What is the polynomial approximation for Riemann zeta function in the strip since it is holomorphic?

Question

Probably it is known that Holomorphic function behave like polynomial with large degree and Riemann zeta function is meromorphic continuation such that we know that Every holomorphic function is meromorphic, but not vice versa, And Holmorphic function can be approximated by Taylor expansion theorme on the disk or by Weierstrass factorisation theorem then it is good to get polynomial approximation of Riemann zeta function in the strip at a least to solve many problems related for example by compositional inverse of that zeta which it is very interesting in complex analysis ,Any way for approximating Riemann zeta function in the strip ?

Answer 1

Let $$F_n(s) = \int_{-\infty}^\infty \zeta(i x) n e^{-\pi n^2 (-is-x)^2}dx$$

It is entire and as $n \to \infty$ it converges locally uniformly to $\zeta(s)$ on $\Re(s) < 1$.

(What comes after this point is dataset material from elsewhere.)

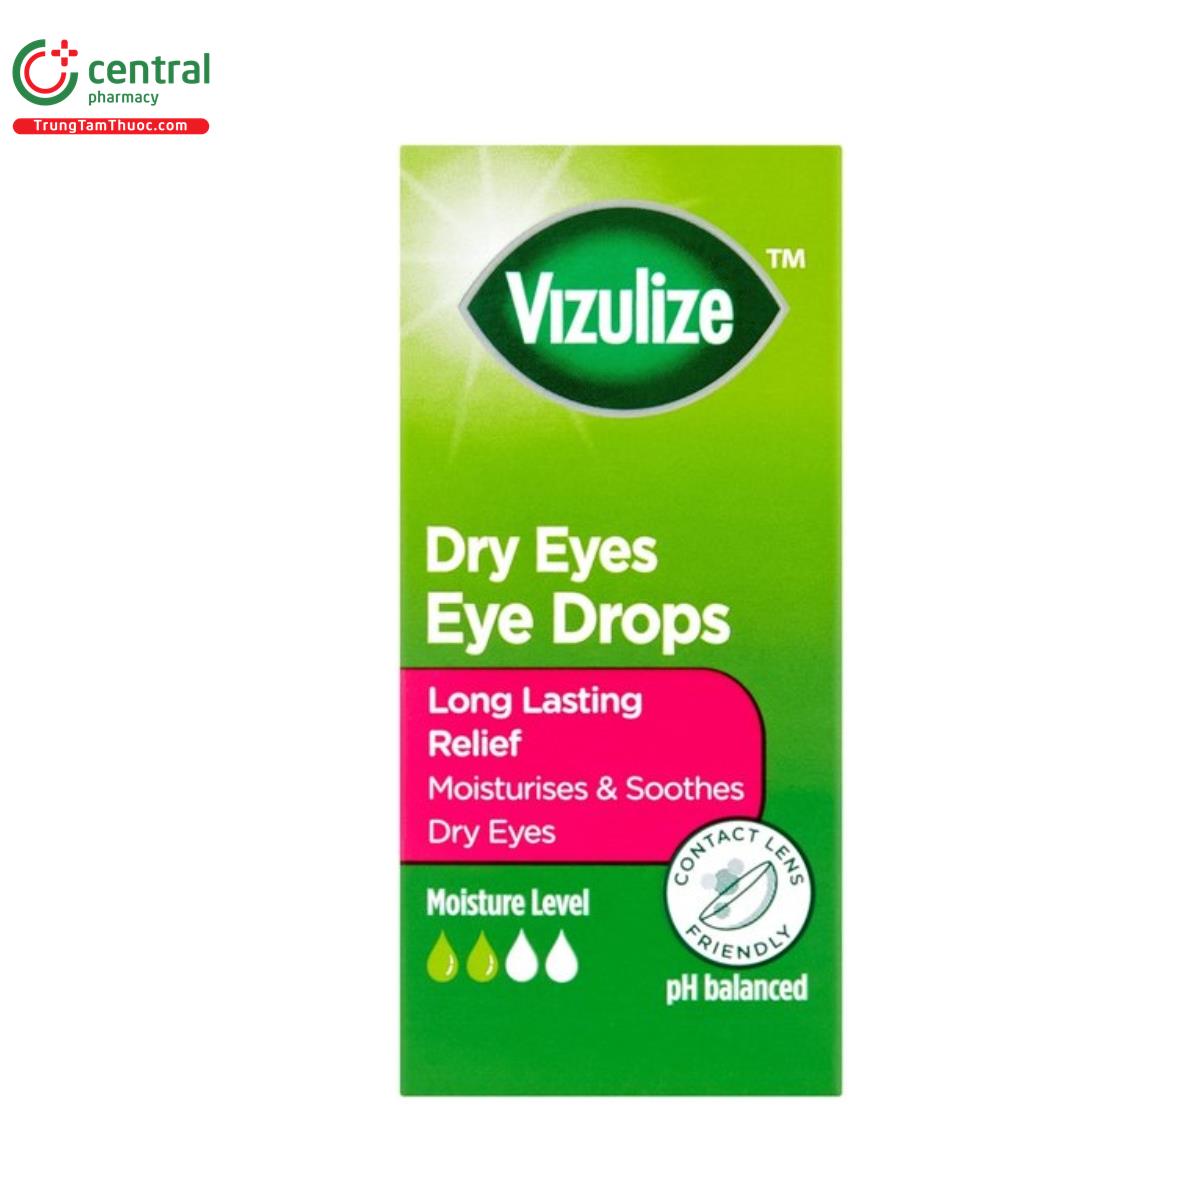 vizulize dry eyes eye drops 5 B0631

Proof : That is it entire is obvious. With the change of variable $x = t-y$ for $t$ real we have $$F_n(it) = \int_{-\infty}^\infty \zeta(i (t-y)) n e^{-\pi n^2 y^2}dy$$ thus by analytic continuation for $ \Re(s) < 1$ $$F_n(s) = \int_{-\infty}^\infty \zeta(s-iy) n e^{-\pi n^2 y^2}dy$$ which (due to the continuity and the polynomial growth of $\zeta(s)$ on vertical strips) converges locally uniformly to $\zeta(s)$ on $\Re(s) < 1$.

Let $$F_{n,K_n}(s) = \sum_{k=0}^{K_n} \frac{F_n^{(k)}(0)}{k!} s^k$$ where $K_n$ is chosen such that $|F_{n,K_n}(s)-F_n(s)| \le 1/n$ on $\Re(s) \in [-n,1-1/n] , \Im(s) \in [-n,n]$, then $F_{n,K_n}(s) \to \zeta(s)$ locally uniformly on $\Re(s) <1$.